Following the closing of the merger, the combined company will be a leading global producer and distributor of nitrogen and phosphate fertilizer products. CF Industries and Terra have complementary strengths in nitrogen, providing breadth and flexibility in product offerings. In addition, the locations of CF Industries' and Terra's facilities together expand the combined company's domestic reach.
Terra's focus on industrial customers and CF Industries' focus on agricultural customers are complementary and ensure greater strength and resilience through industry cycles. Stockholders of the combined company also will benefit from the value generated by CF Industries' world-scale phosphate business. Furthermore, the enhanced scale and improved access to the capital markets for the newly combined company will allow it to build on existing and future growth initiatives to generate stockholder value.
The transaction is anticipated to create annual cost synergies of up to $135 million, driven primarily by the elimination of overlapping corporate functions, optimization of transportation and distribution systems, and through greater economies of scale in procurement and purchasing. The transaction is expected to be significantly accretive to CF Industries stockholders on both a GAAP and cash EPS basis.
On March 5, 2010, CF Industries filed with the U.S. Securities and Exchange Commission a prospectus/offer to exchange on Form S-4 in connection with its pending exchange offer for all of Terra's outstanding common stock. As a result of the parties' execution of the merger agreement, CF Industries will amend the prospectus/offer to exchange to reflect the terms and conditions of the merger agreement. In accordance with the terms of the merger agreement, CF Industries is extending the expiration of the exchange offer to midnight, New York City time, on April 2, 2010.
Under the terms of the merger agreement, following completion of CF Industries' exchange offer, a subsidiary of CF Industries will merge into Terra and any Terra stockholders that did not tender their shares into CF Industries' exchange offer will receive in the merger the same consideration paid in the CF Industries exchange offer.
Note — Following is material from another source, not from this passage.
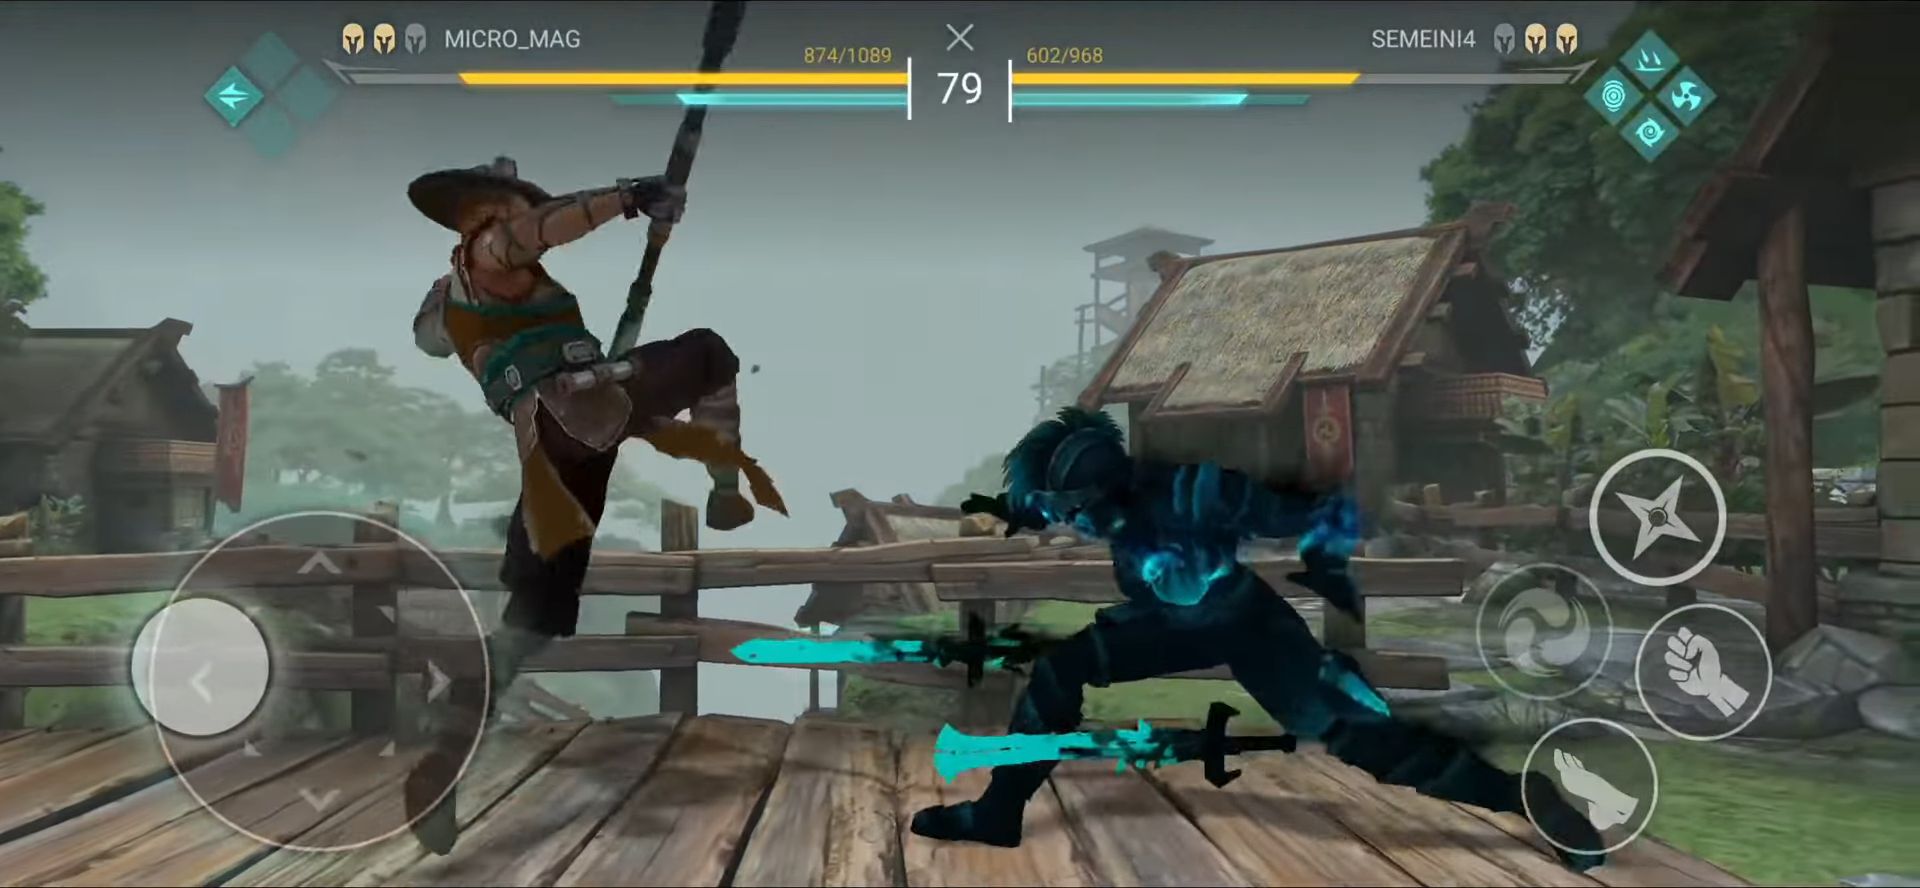 shadow fight arena 4 download free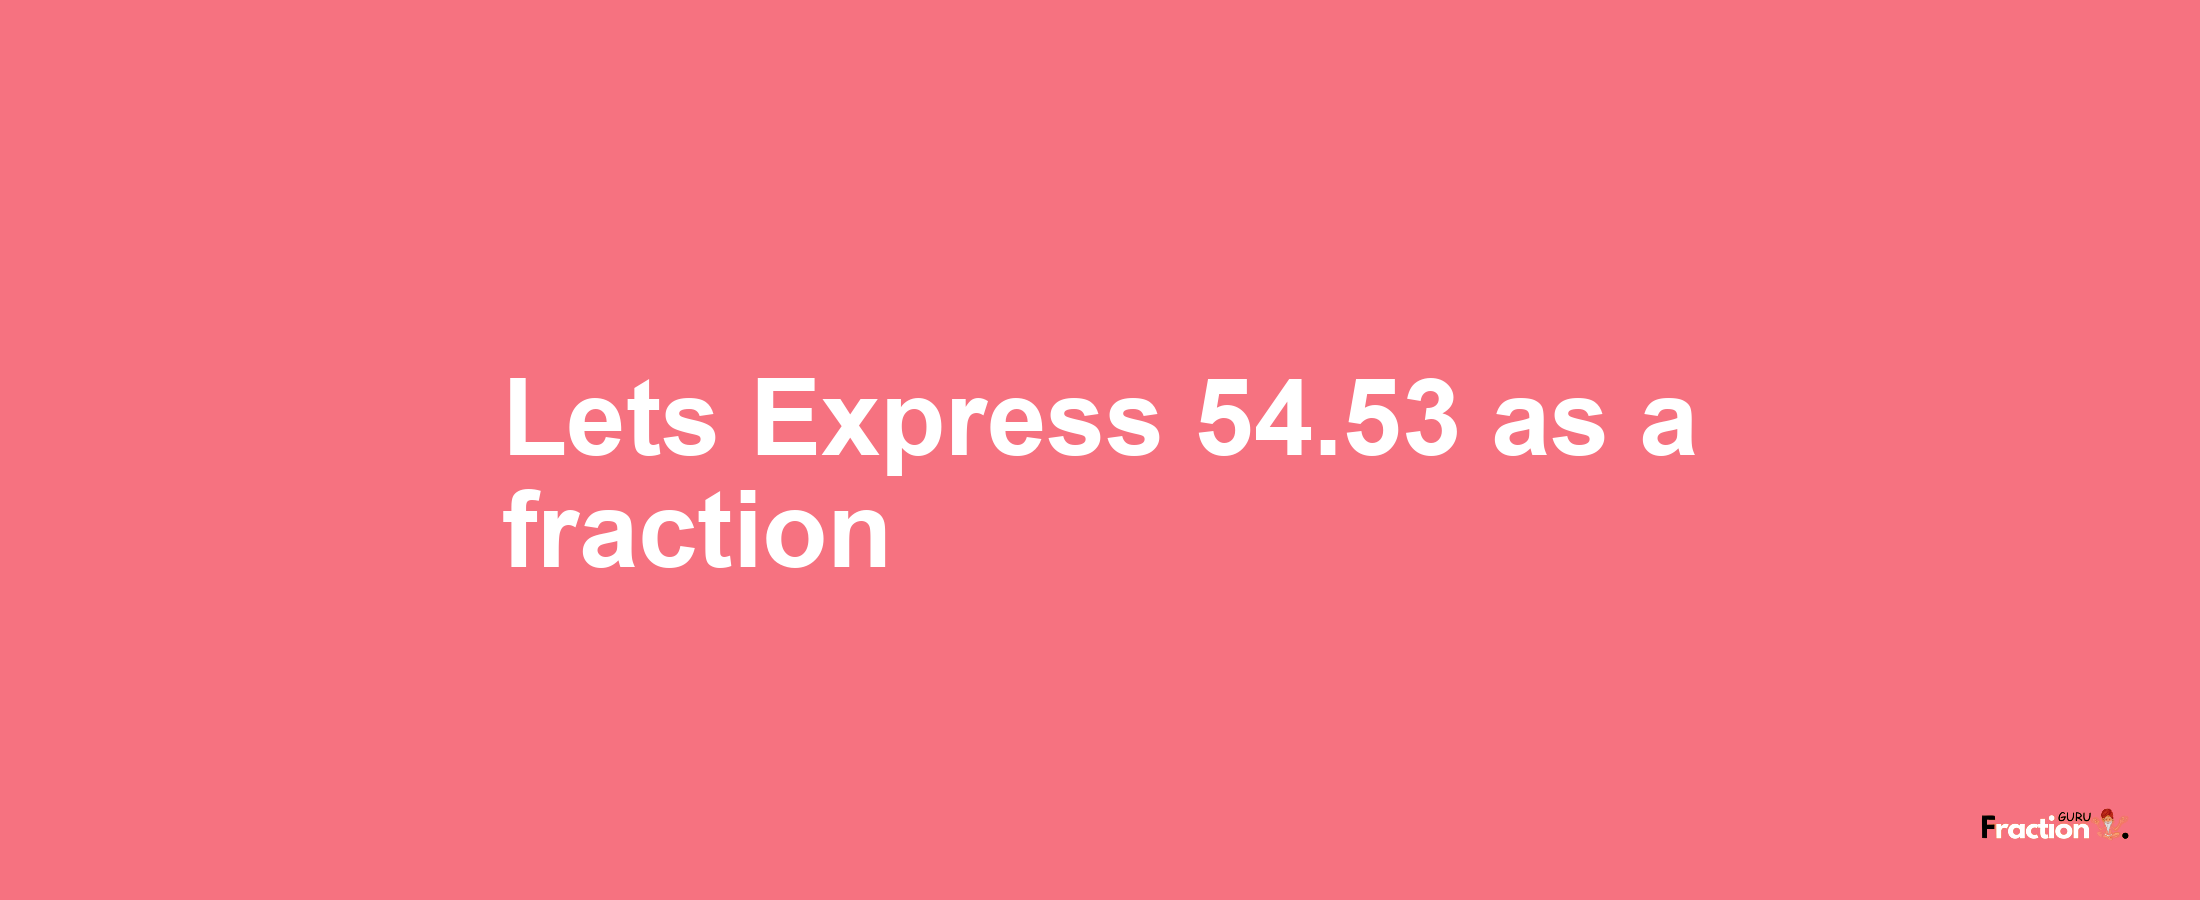 Lets Express 54.53 as afraction

Upon completion of the merger, Terra will become an indirect wholly-owned subsidiary of CF Industries, and Terra common stock will cease to be traded on the NYSE. The merger will require the approval of Terra's stockholders unless CF Industries owns at least 90% of the outstanding shares of Terra common stock following completion of its exchange offer, and, if necessary, after CF Industries' exercise of the top-up option under the terms of the merger agreement.